Coal bed methane (CBM) is a gaseous hydrocarbon that occurs along with coal reserves. It is similar to natural gas and can be transported and used in similar ways.  CBM has the potential to dramatically increase Colombia’s proven natural gas reserves, facilitate greater domestic production, and potentially allow additional exports to neighboring countries. 

Employees


The Company’s team currently consists of three (3) employees and several independent contractors. Each management hire has been carefully selected to address immediate needs in particular functional areas, but also with consideration of the Company’s future needs during a period of expected rapid growth and expansion. Value is placed not only on outstanding credentials in specific areas of functional expertise, but also on cross-functionality, collegiality, a strong knowledge of content acquisition and distribution, along with hands-on experience in scaling operations from initial beta and development stage through successful commercial deployment.


Item 1A. Risk Factors.


There are many risks that may affect our company or the value of our Common Stock, including those described below. If any of these or other risks actually occur, our business, financial condition and operating results, as well as the trading price or value of our securities could be materially adversely affected and you may lose all or part of your investment.
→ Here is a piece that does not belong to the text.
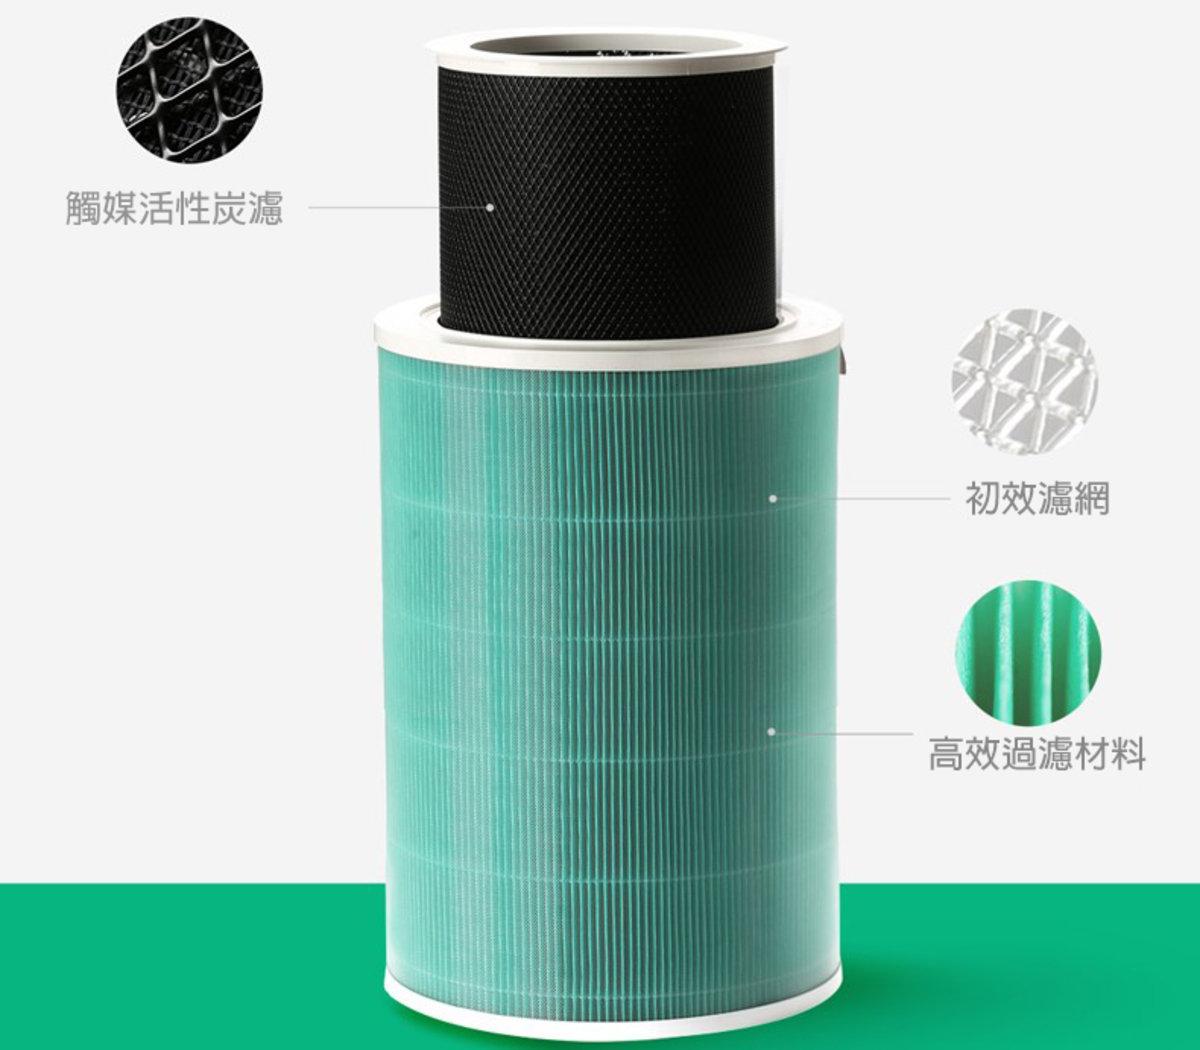 Mi Air Purifier Anti-formaldehyde Filter

We are a development stage company, and our limited operating history makes it difficult to evaluate our current business and prospects or to accurately predict our future revenues or results of operations. Our revenue and income potential are unproven, and our business plan is constantly evolving. The Internet is constantly changing and software technology is constantly improving. Therefore we may need to continue to modify our business plan to adapt to these changes. As a result of our being in the early stages of development, particularly in the emerging technology industry, we are more vulnerable to risks, uncertainties, expenses and difficulties than more established companies. If we cannot successfully address the risks associated with early stage development companies in emerging technologies, we may never achieve profitability and we may not be able to continue operations.


We may require additional capital to proceed with our long-term business plan. If we are unable to obtain such capital in future years, we may be unable to proceed with our long-term business plan.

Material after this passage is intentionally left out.